Einen noch weiter gehenden Vorschlag, den die Grünen übernommen haben, hat der Sachverständigenrat für Wirtschaft gemacht. Sie schlagen einen Schuldentilgungsfonds vor, mit dem über einen langen Zeitraum die Schulden getilgt werden sollen, die über dem Maastricht-Kriterium von 60% des Bruttoinlandsprodukts liegen. Idealerweise sollte dabei nach unserer Meinung die Tilgung wieder durch eine Vermögensabgabe erfolgen, weil das der ökonomisch sinnvollste Weg wäre. Dadurch würde einerseits das oben beschriebene Problem der Vermögensverteilung angegangen und andererseits ein starkes Signal für einen Abbau der Schulen gesetzt, der Vertrauen schafft.


Ein solcher langfristiger Schuldenabbaupfad ist wesentlich wichtiger als eine Begrenzung der Neuverschuldung. Durch letztere werden ja die Schulden nicht reduziert. Im Gegenteil kann sich durch eine Begrenzung der Neuverschuldung die Situation sogar verschlimmern, wenn überwiegend auf der Ausgabenseite gekürzt wird und Investitionen unterbleiben, wie das zur Zeit in Griechenland, aber auch in der Weltwirtschaftskrise vor 80 Jahren zu beobachten war. Dadurch wird der Abbau der Verschuldung verhindert und das Problem verschärft sich. Gerade in einer ökonomischen Krise ist dieser Weg fatal.

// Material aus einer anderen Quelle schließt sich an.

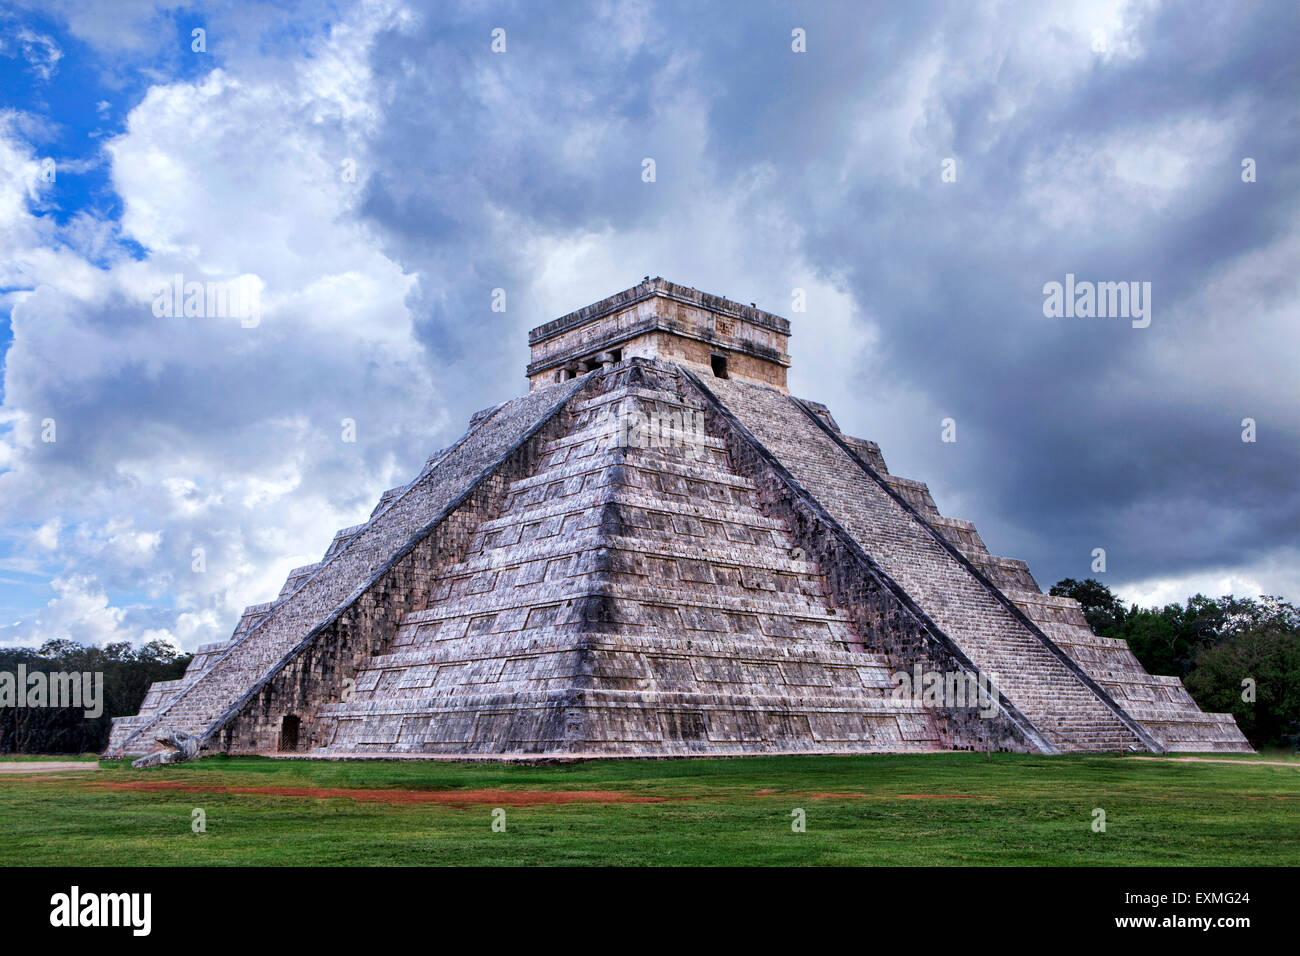 Temple of Kukulkan, Chichen-Itza, Yucatan Peninsula, Mexico, Central America. - Stock Image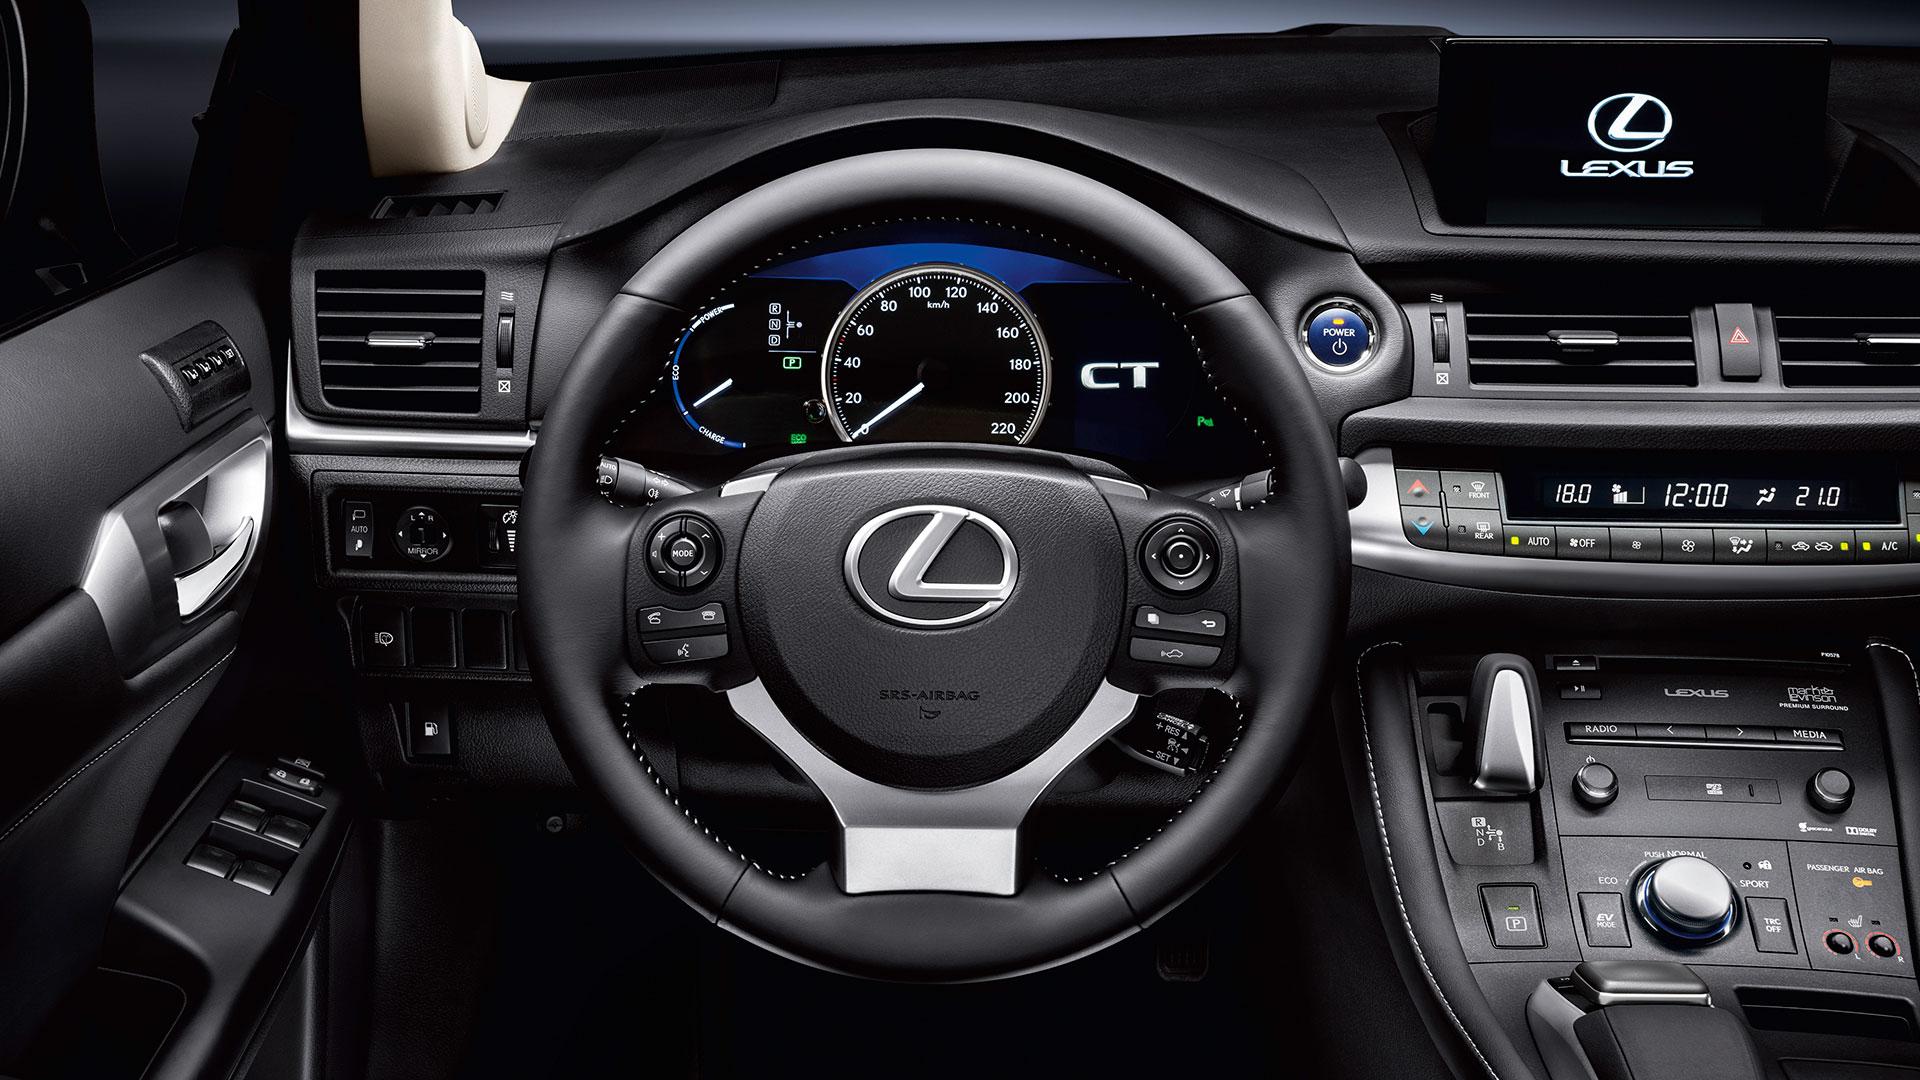 Subvenciones compra Lexus CT 200h hero asset

Drittens brauchen wir einen Green New Deal für Europa mit seinen drei Säulen Finanzmarktregulierung, Investitionen in Infrastruktur und einen neuer sozialer Ausgleich durch Umverteilung.  Eine Politik, die nur auf der Ausgabenseite spart, verschärft die Krise, die ähnliche Züge trägt wie die Weltwirtschaftskrise vor 80 Jahren. Und auch diesmal wäre ein New Deal die richtige Antwort, der allerdings aufgrund der nicht zu vergessenen Probleme wie Klimawandel, Ressourcenknappheit oder Energieversorgung eine ökologische Komponente haben muss, also ein Green New Deal sein muss. Dazu gehört erstens endlich eine Regulierung der Finanzmärkte, der Banken und die Austrocknung von Steueroasen, was alles in den letzten Jahren vernachlässigt wurde. So sind Banken immer noch „too big to fail“ und müssen schon wieder gerettet werden und reiche Griechen schaffen ihr Vermögen in die Schweiz, damit sie nicht besteuert werden können. Zweitens braucht es ein Investitionsprogramm in Infrastruktur, z.B. in Stromnetze, in Windräder, in Solaranlagen , um dadurch die Wirtschaft in den Krisenstaaten zu stärken. Drittens ist aber auch eine Politik für mehr Umverteilung notwendig. Neben der beschriebenen Vermögensumverteilung braucht es einen Aufbau bzw. eine Stärkung von Mindestsicherungsleistungen und der Sozialversicherungen und nicht einen Abbau.